[DATA BELOW Boundary: Start]

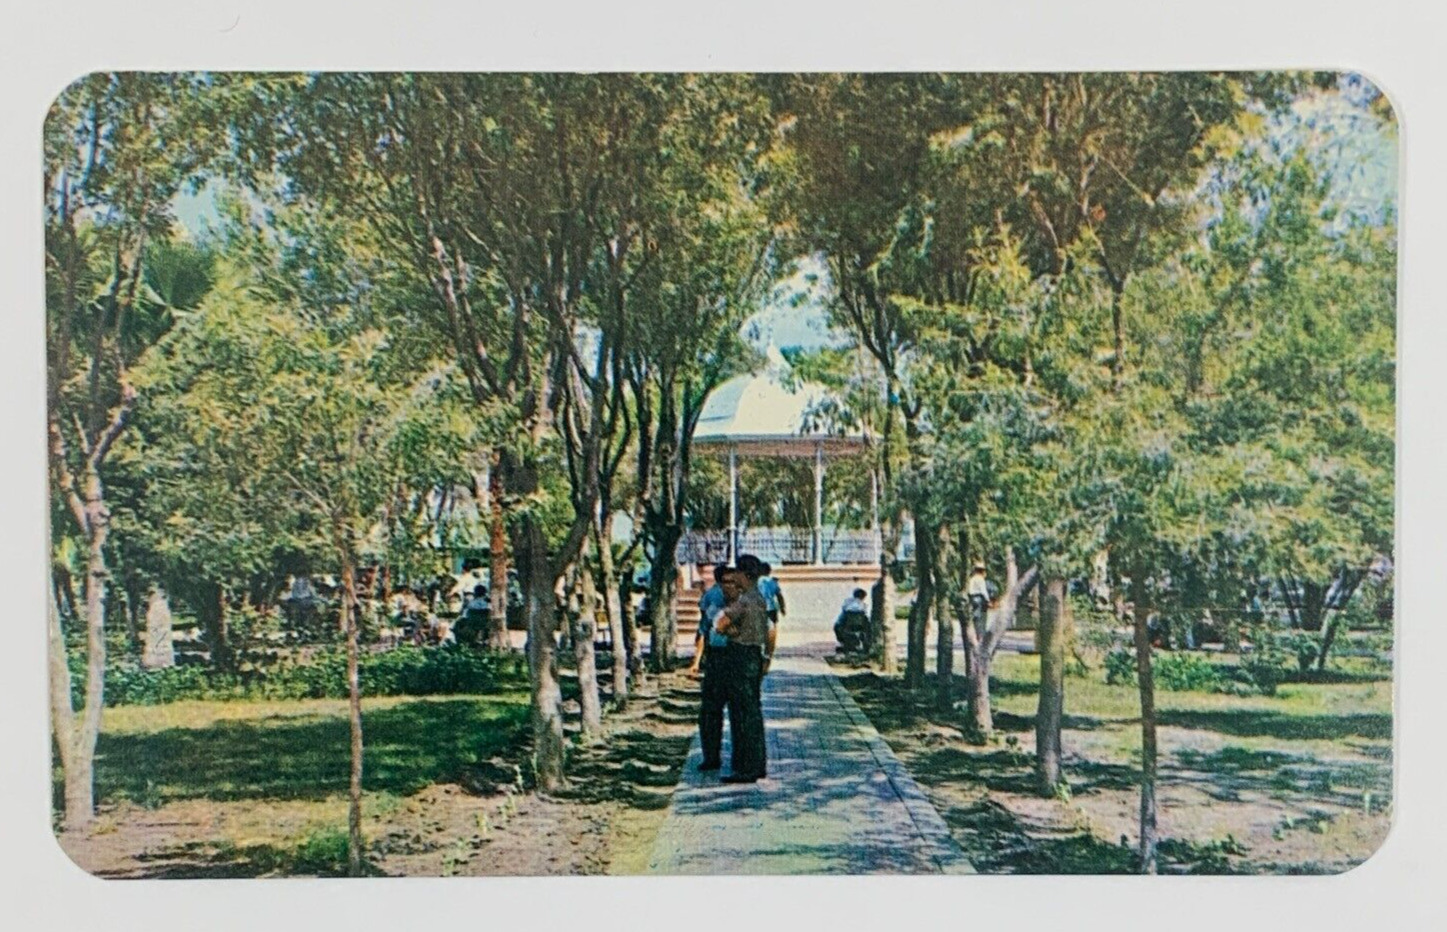 Kiosk in the Main Garden Reynosa Tamaulipas Mexico Postcard Unposted Vintage
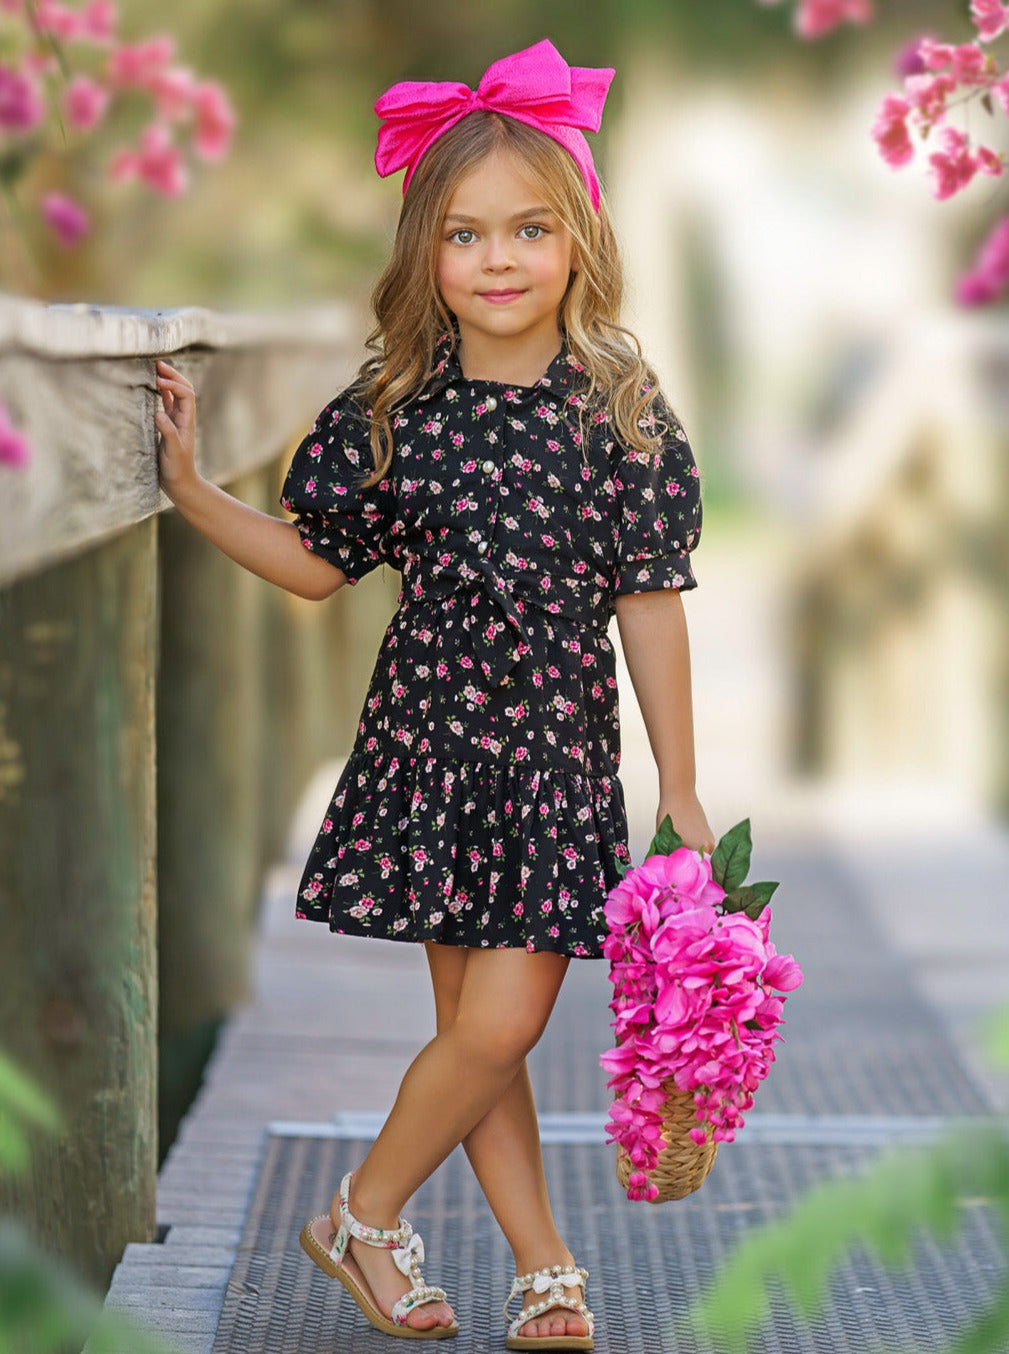 Toddler Spring Outfits | Girls Rosy Knot Hem Top & Ruffle Skirt Set 
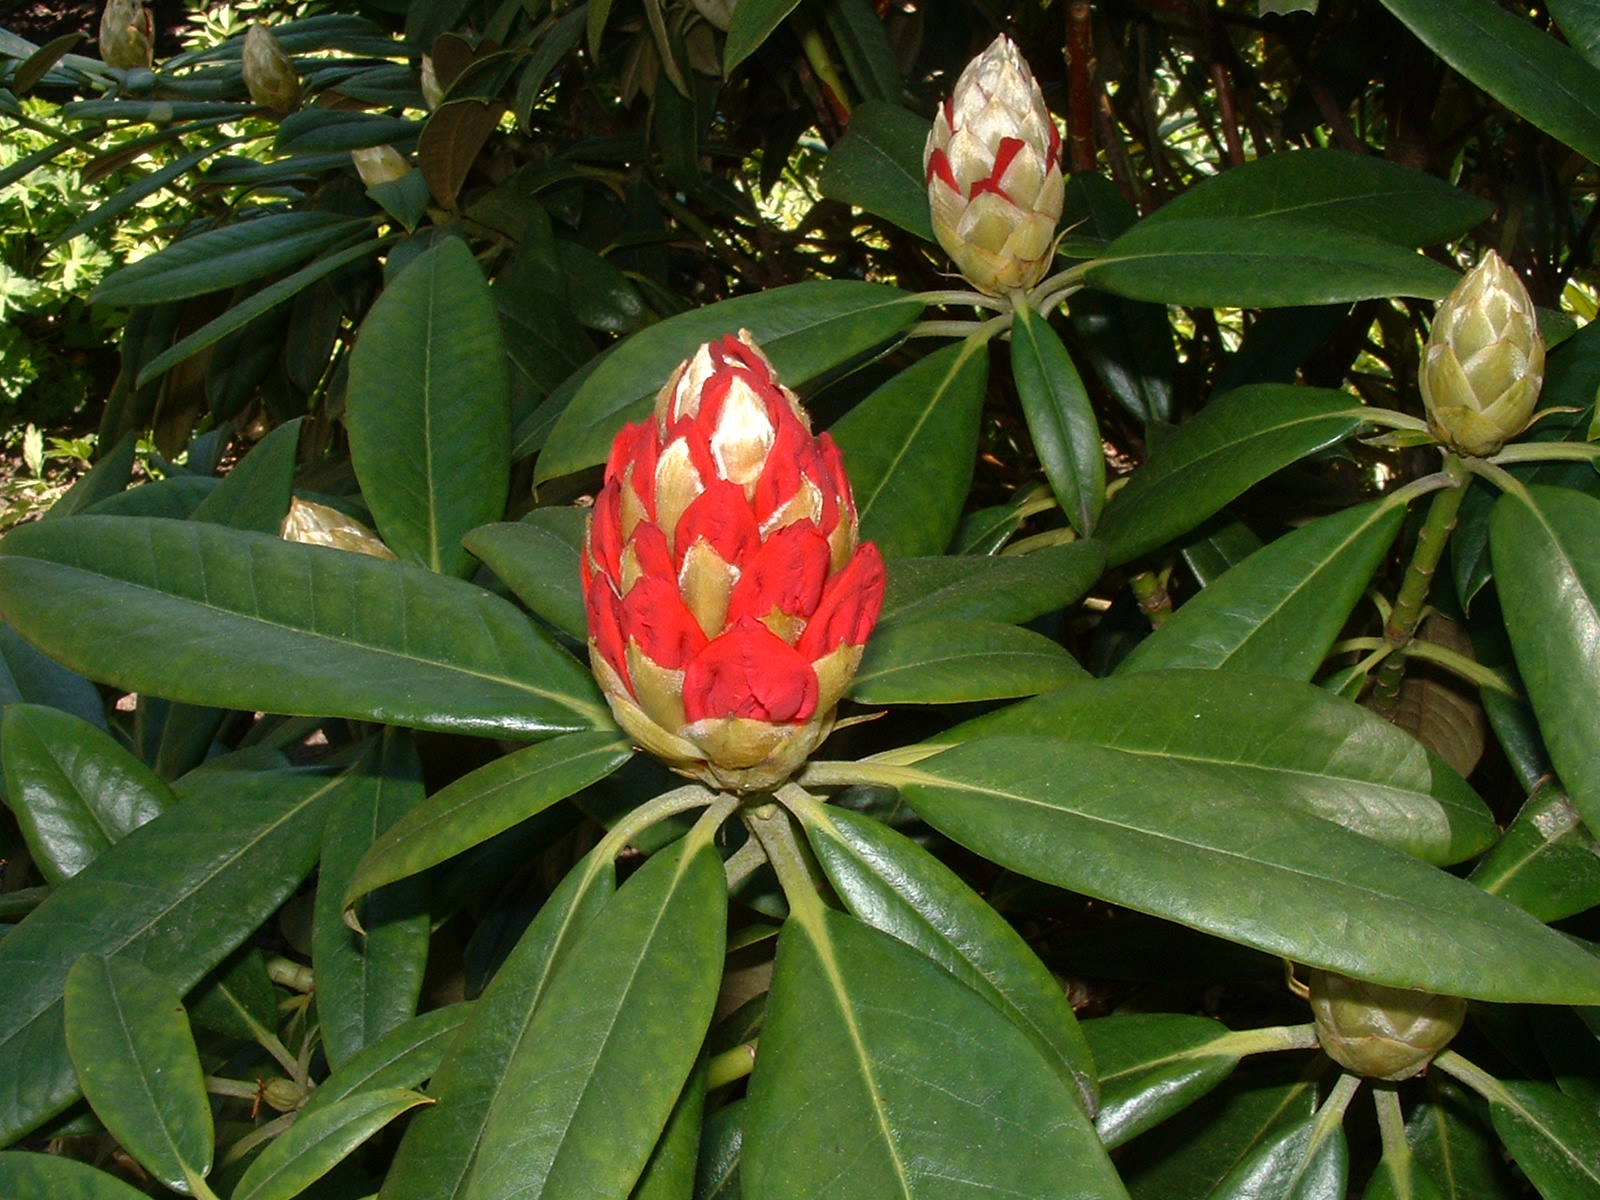 Bruns Pflanzen - Rhododendron-Park Gristede

[DATA BELOW Boundary: End]

TASK REQUIREMENTS:
Transcribe the listing exactly; omit all images.

FINAL ANSWER:
 Kiosk in the Main Garden Reynosa Tamaulipas Mexico Postcard Unposted Vintage
 Toddler Spring Outfits | Girls Rosy Knot Hem Top & Ruffle Skirt Set 
 Bruns Pflanzen - Rhododendron-Park Gristede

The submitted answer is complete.